Kezudkan stood in front of the viewing frame with his hands clasped before him, leaning on the butt of his cane. At the controls was the kuduk tinker, Draksgollow, his head turned watching his patron watch the view. The image within the frame was a disused thunderail depot in the Turmon Republic, a few hours travel up the defunct Fairmorn-Tevek line. It was open to the sky in places, an older style of ventilation, simpler than pipes and chimneys for ridding the railyard of smoke, but it allowed in enough light for them to view it without having to turn the machine’s main function partway on.
“Looks fine to me,” Draksgollow said. “Plenty of space, even some old buildings intact. We could be set up in a few days.”
“No, no. Won’t do at all,” Kezudkan replied, shaking his head. He lifted his cane to point. “You see that? There goes another one.”
“Nope, didn’t see a human that time either.”
Kezudkan twisted around with a sound like a millstone grinding, and fixed Draksgollow with a critical glare. “Might want to look to those optics of yours. I’m five times your age, and I saw it plain enough. The place is infested with humans—probably rats, too.”
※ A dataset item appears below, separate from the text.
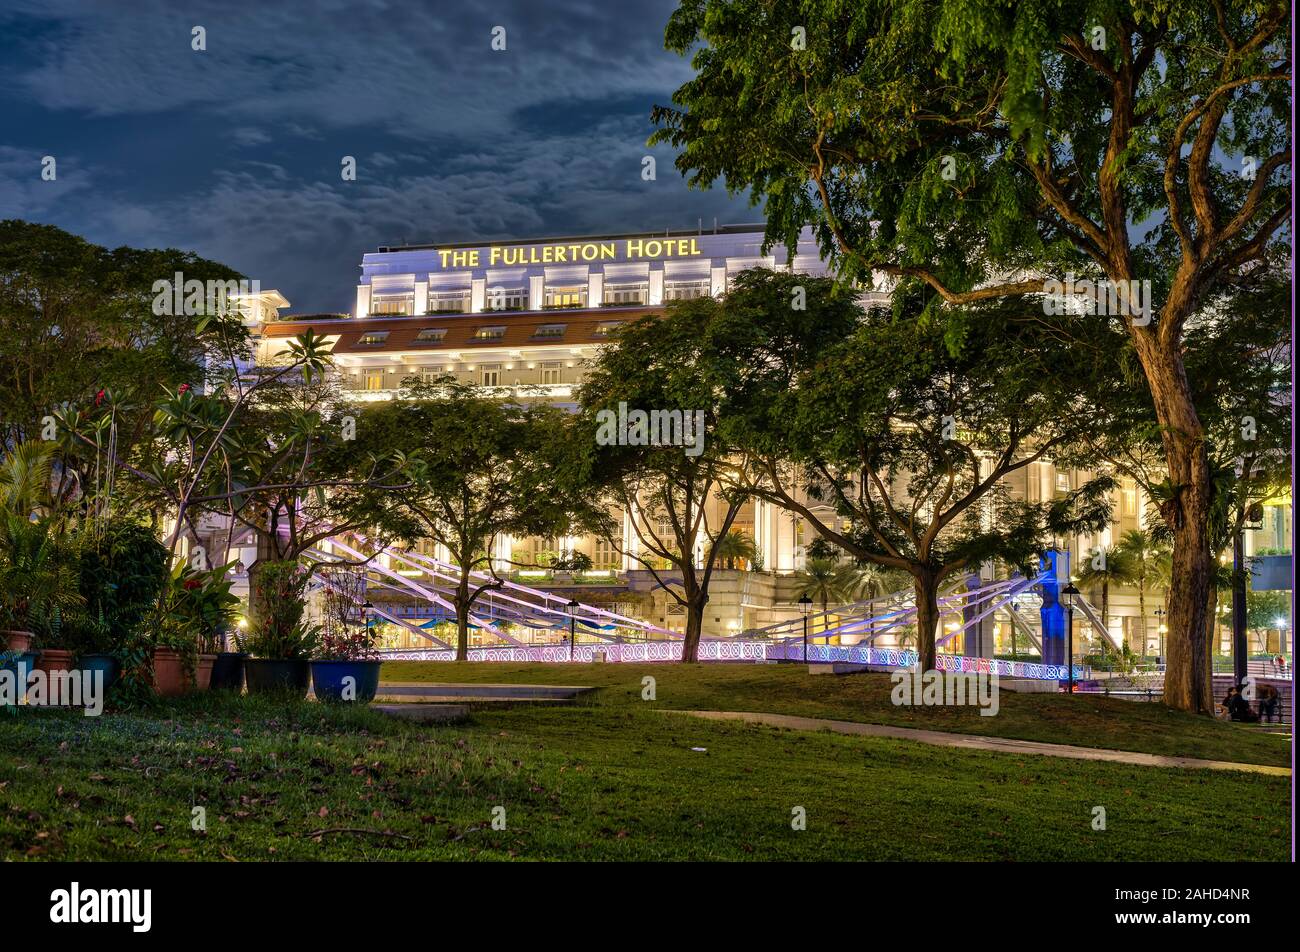 Fullerton Hotel, Marina Bay Sands, at night, Singapore, Asia Stock Photo

“Fine. Say there are humans. We can just take care of them the way we did the squatters in your mine.”
“Well and good for a bunch of savages from a primitive world, but I want something secret, someplace no one knows about. That isn’t compatible with exterminating native species that are liable to run off and blather to more of their own kind.”
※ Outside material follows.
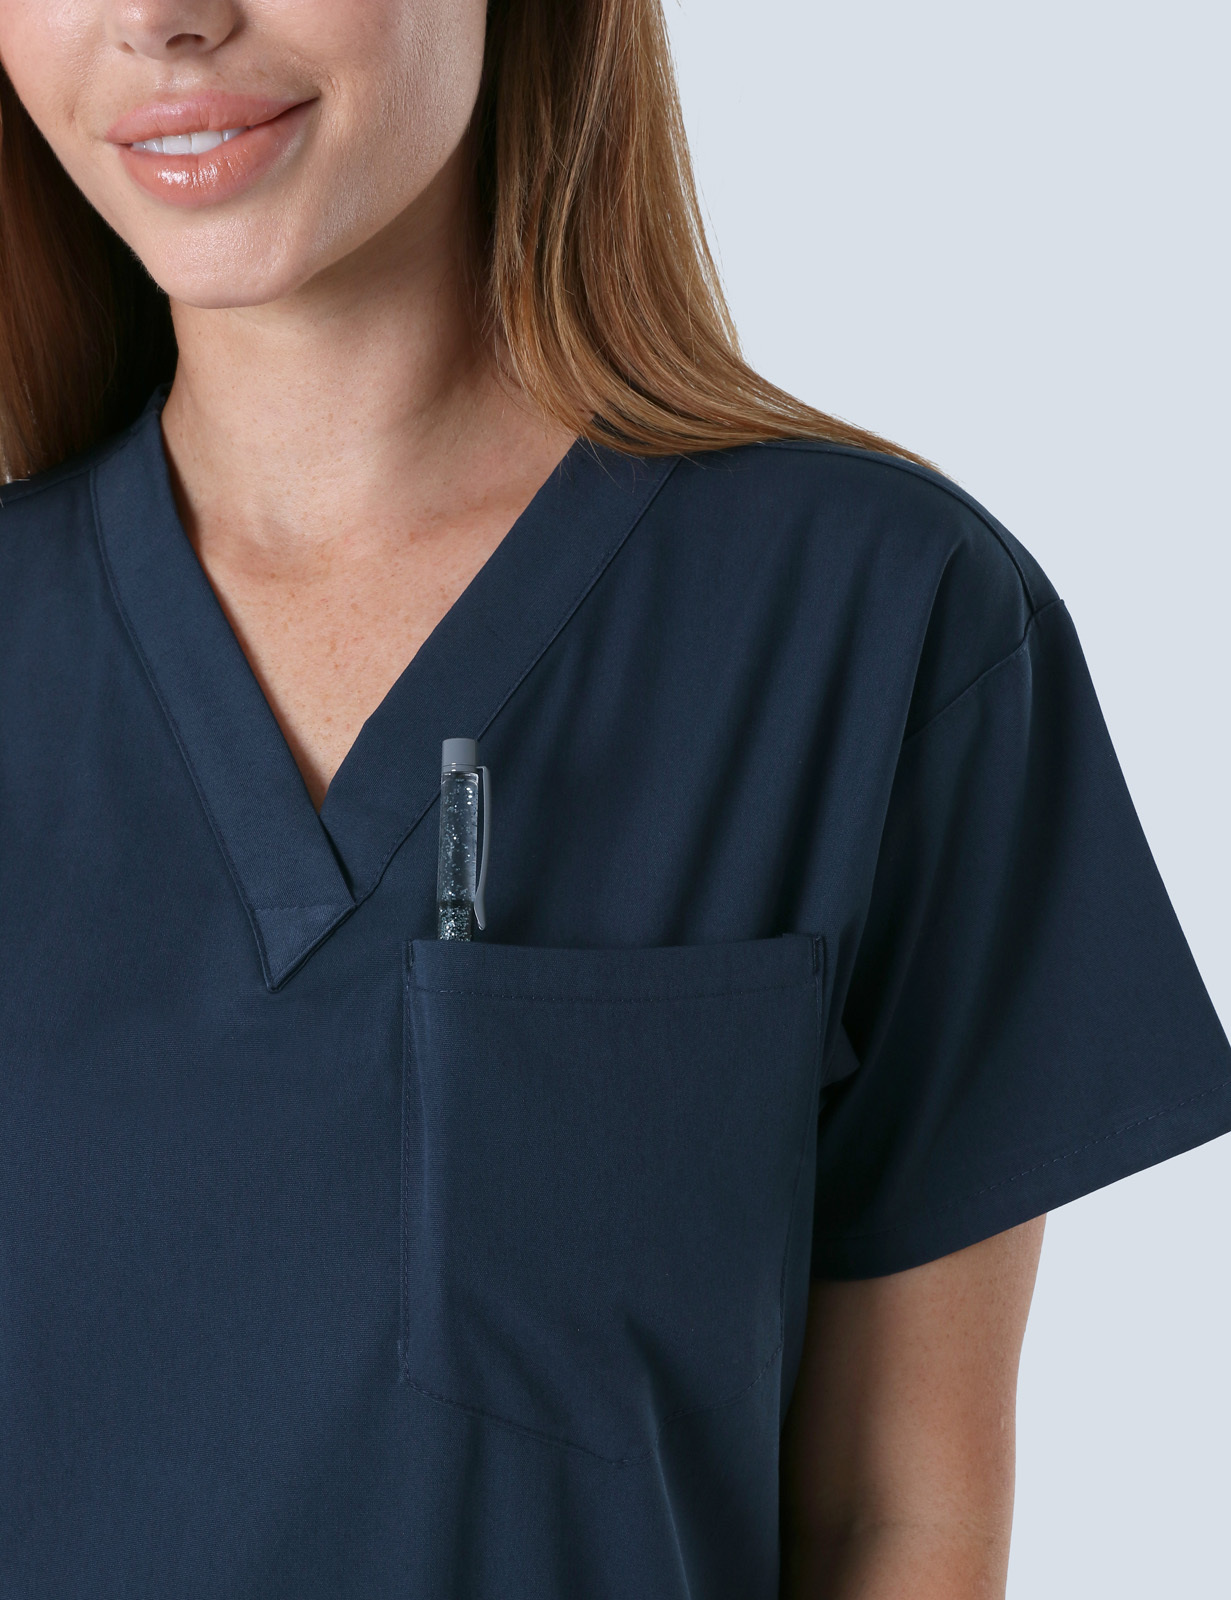 Caloundra Hospital - Registered Nurse (4 Pocket Scrub Top and Cargo Pants in Navy incl Logos)

“Then why not look at the primitive world?” Draksgollow asked, frustration slipping into his voice.
Kezudkan turned back to the viewer and shook his head. “I gave it some thought, but it takes more power going between worlds. If anything goes amiss, I’d rather be stranded locally, thank you kindly.”
Draksgollow stood, knocking his chair over and stepping aside. He waved a theatrical hand toward the controls. There was a hiss from the compressed air cylinders in his mechanical arm. “By all means then, find someplace your own muddy self.”
Kezudkan arched an eyebrow and waddled in Draksgollow’s direction. For a moment, Draksgollow’s eyes searched for some escape, realizing perhaps too late that he had angered the daruu. Neither of them were athletic, Kezudkan in his elderly third century and Draksgollow gimpy on a powerful but cumbersome steam-piston leg. The prospect of a thrashing at the old daruu’s hands wasn’t inconceivable. There was strength enough in his mechanical hand to crush the bones of a kuduk, but not a daruu. Infirm as he was, if Kezudkan caught hold of him, he’d be at the eccentric old man’s mercy. Draksgollow held his breath as the daruu approached.
When Kezudkan got to within two paces, he snatched up his cane, holding it near the tip, and leveled the handle at Draksgollow’s midsection. He held the kuduk tinker’s gaze with his own as he lowered the handle, hooked it under the edge of the chair, and righted it. He turned his back on Draksgollow as he eased himself into the tiny seat, which groaned under his bulk but held itself intact.
“Very well,” Kezudkan said as he brushed his fingers over the controls, as if reacclimating himself to the feel of the panel and dials. “Go make certain that the parts of the new machine are ready to transport and install once I find us a new home.”
“Everything is ready,” Draksgollow argued to the back of Kezudkan’s head. “All the parts, dollies and gantries for hauling it all, kits with every tool we’ll need—in triplicate—as well as food and basic furnishings for the new command center, on the assumption that you were going to stick us half up the arse crack of the world in some hovel.”
“Excellent suggestion,” Kezudkan quipped in reply. “I wasn’t considering Korr’s anatomy among my criteria. I shall have a look around for a proper crack, then. If you’ve got nothing better to do, how about finding out why there was a human from the savage world who knew what a kuduk was?”
“I’m no human tamer,” said Draksgollow. “I buy mine pre-broken.”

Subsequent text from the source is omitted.